Еще тогда нам нужно было понять, что наш роман обречен. Гитлер пришел к власти только за год до этого, однако Рейх совершенно четко обозначил свою ненависть к евреям. Но в глазах Эриха была страсть и напор, из-за них все как будто переставало существовать. Когда он сделал мне предложение, я недолго думала. Мы не замечали проблем, которые маячили на горизонте, тех, которые делали наше будущее вместе невозможным, — мы просто смотрели в другую сторону.

Мой отец не пытался остановить меня, когда я собралась уехать с Эрихом.
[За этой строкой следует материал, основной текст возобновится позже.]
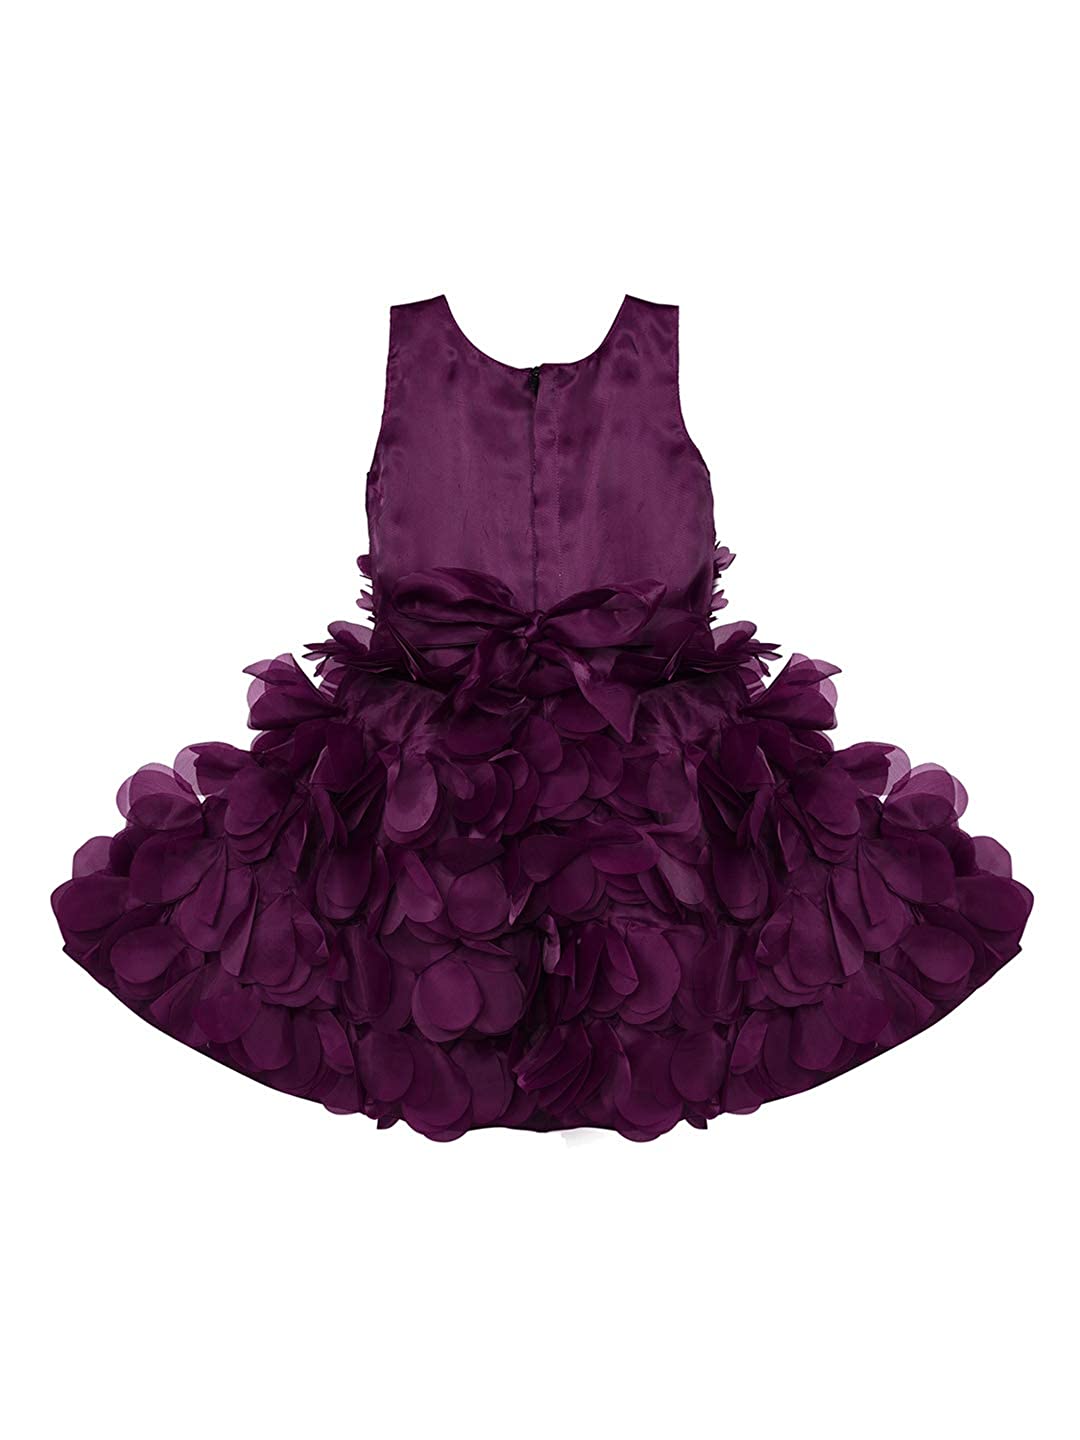 Baby Girls Party Wear Frock Birthday Dress For Girls bxa165ppl - Wish Karo Party Wear - frocks Party Wear - baby dress

Я думала, что он будет ругать меня за то, что я выхожу замуж не за еврея, но он только лишь грустно улыбнулся, когда я рассказала ему.

— Я всегда надеялся, что ты примешь на себя руководство семейным делом, — сказал он. Его печальные глаза цвета шоколада, спрятанные за стеклышками очков, отражали мои, точно такие же. Я была удивлена. У меня было три старших брата, четыре, если считать Изадора, убитого при Вердене [Битва при Вердене (21 февраля — 18 декабря 1916) — одно из сражений Первой мировой войны, вошло в историю как «Верденская мясорубка», закончилось победой Франции.]; у меня не было повода думать, что папа рассматривает меня в качестве преемницы. — Тем более, что Жюль уезжает со своей командой выступать в Ниццу. А близнецы… — Папа сокрушенно покачал головой. Матиас и Маркус сильны и грациозны, от того, какие чудеса они творят на манеже, у зрителей захватывает дух. Однако их таланты больше касаются физических навыков. — Это у тебя, дорогая, есть деловая жилка и талант развлекать зрителя. Но я не собираюсь держать тебя в клетке.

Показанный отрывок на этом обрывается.